# New Broadhead ?



## retnuhwoB (Mar 22, 2008)

I've use spitfire 3-blade mechanical broadheads on about 9 deer. Sometimes the entrance/exit hole is closed or small leaving little blood trail.

What I am looking for is a broadhead that flys staight, kills deer and leaves a good blood trail.

Are mechanical broadheads better, fly straighter, ect.? Downfalls?

I have been looking at the Rage-2 with 3/4-inch diameter in flight and expands to 2 full inches. Who has tried these Rage-2 and do they fly like it says or is this just the regular BS that companies stamp on there equipment?

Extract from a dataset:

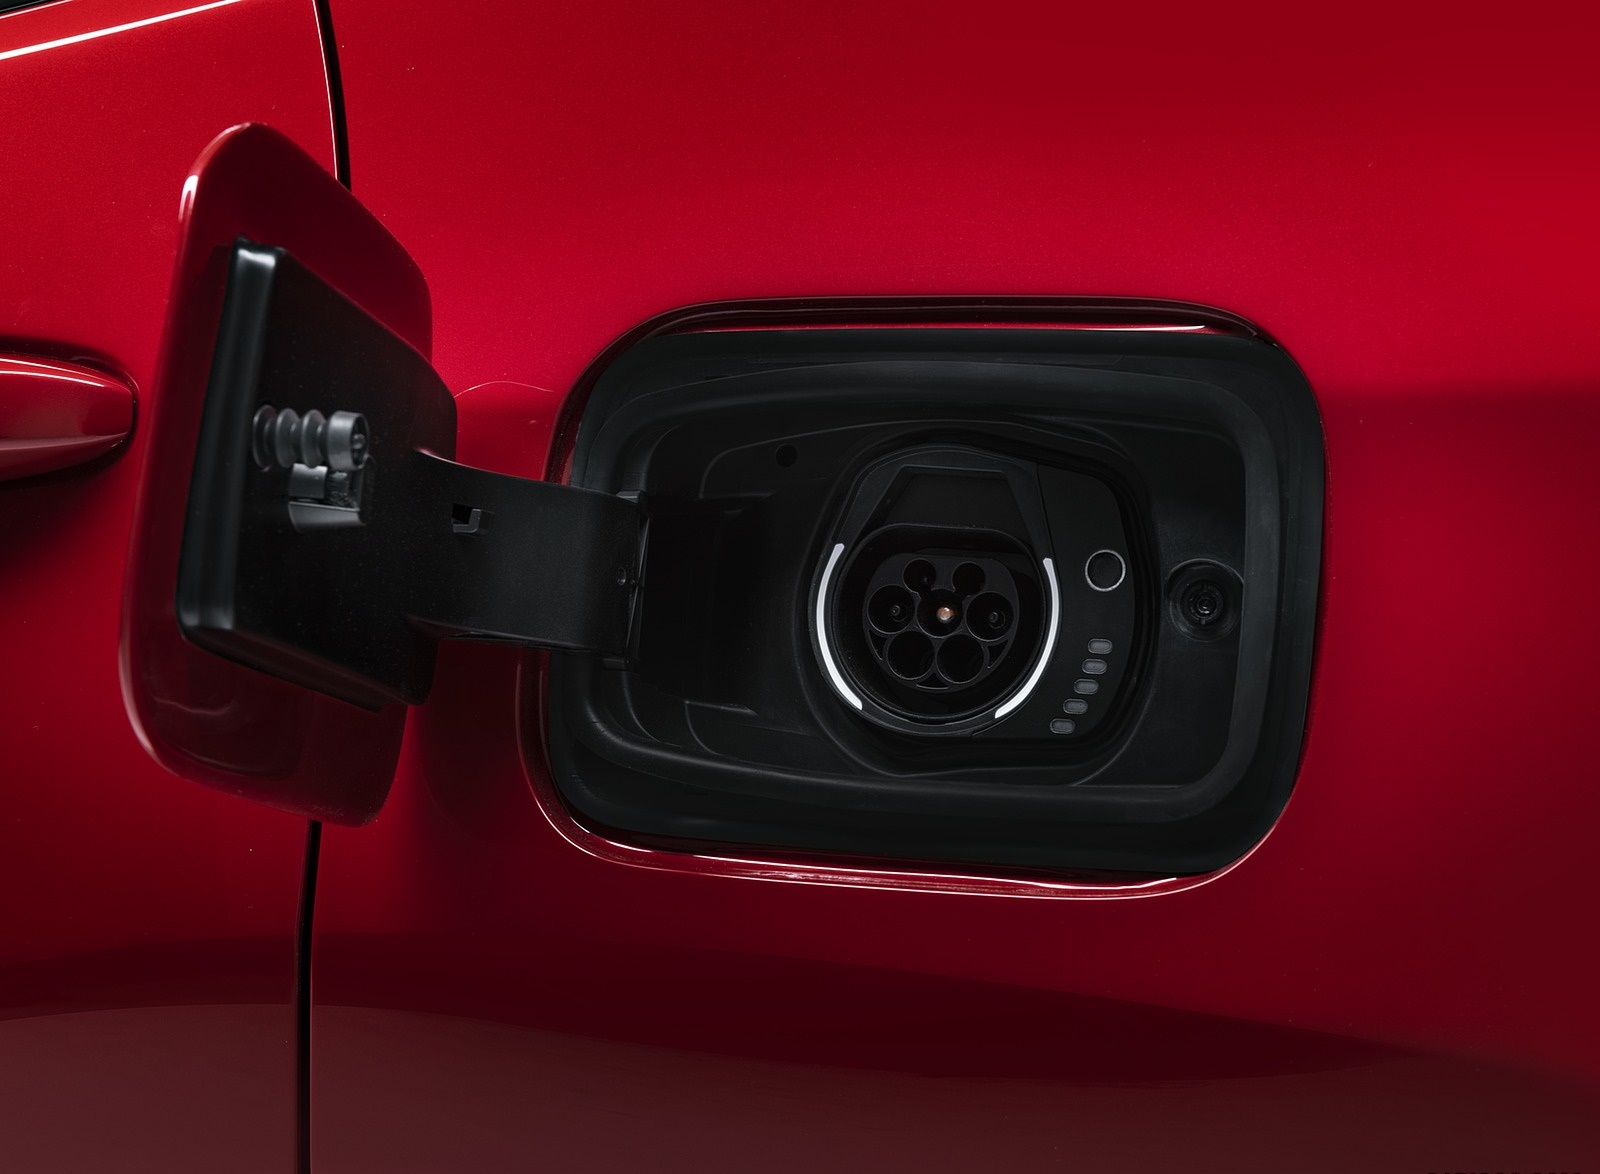 2020 Jeep Compass PHEV Detail Wallpaper (8)

I saw a weak challenge of the Rage 2 V.s. Rage 3. Does someone have a "no kidding" field experience story on the difference?


----------



## mossy512 (Jan 7, 2006)

The guy that runs the bow shop I use tried the Rage this last season and said he was not impressed. He said he was gong back to Muzzy this year the MX4's. He said something about the rings allowed the blades to flop around.


----------



## RiverRob (Jul 24, 2007)

I would say play it safe and get a head that nots going leave you with any second guesses. Rage heads might have the sliding blades instead of the rotating making them more appealing then other mechanicals but in the long run they are still mechanicals. To many what ifs. Deployment, penetration, ruggedness ect. For 30-40$ heads and 22$ replacement blades, I wouldnt waste my money on em. You could probaly re sharpen them but at some point your going to need new blades. That head could get messed up pretty easy. Blades break from bone, if you get a pass through and hit something on the other side, you cant send the head in and get a new one. If your set up is tuned properly to begin with you shouldnt have a problem tuning any head. Youd be better off goint with a head from Magnus. Anything happens to it send it in and get a new one no ?? askes. Easy to sharpen, cut on contact penetration, rugged construction, fly great, and excellent customer service. Would you use a Rage on grizz, moose or even a polar bear I sure as hell wouldnt so why use it on anything else. Thats my two cents. Ask Uncle Ted he'll tell yah.


----------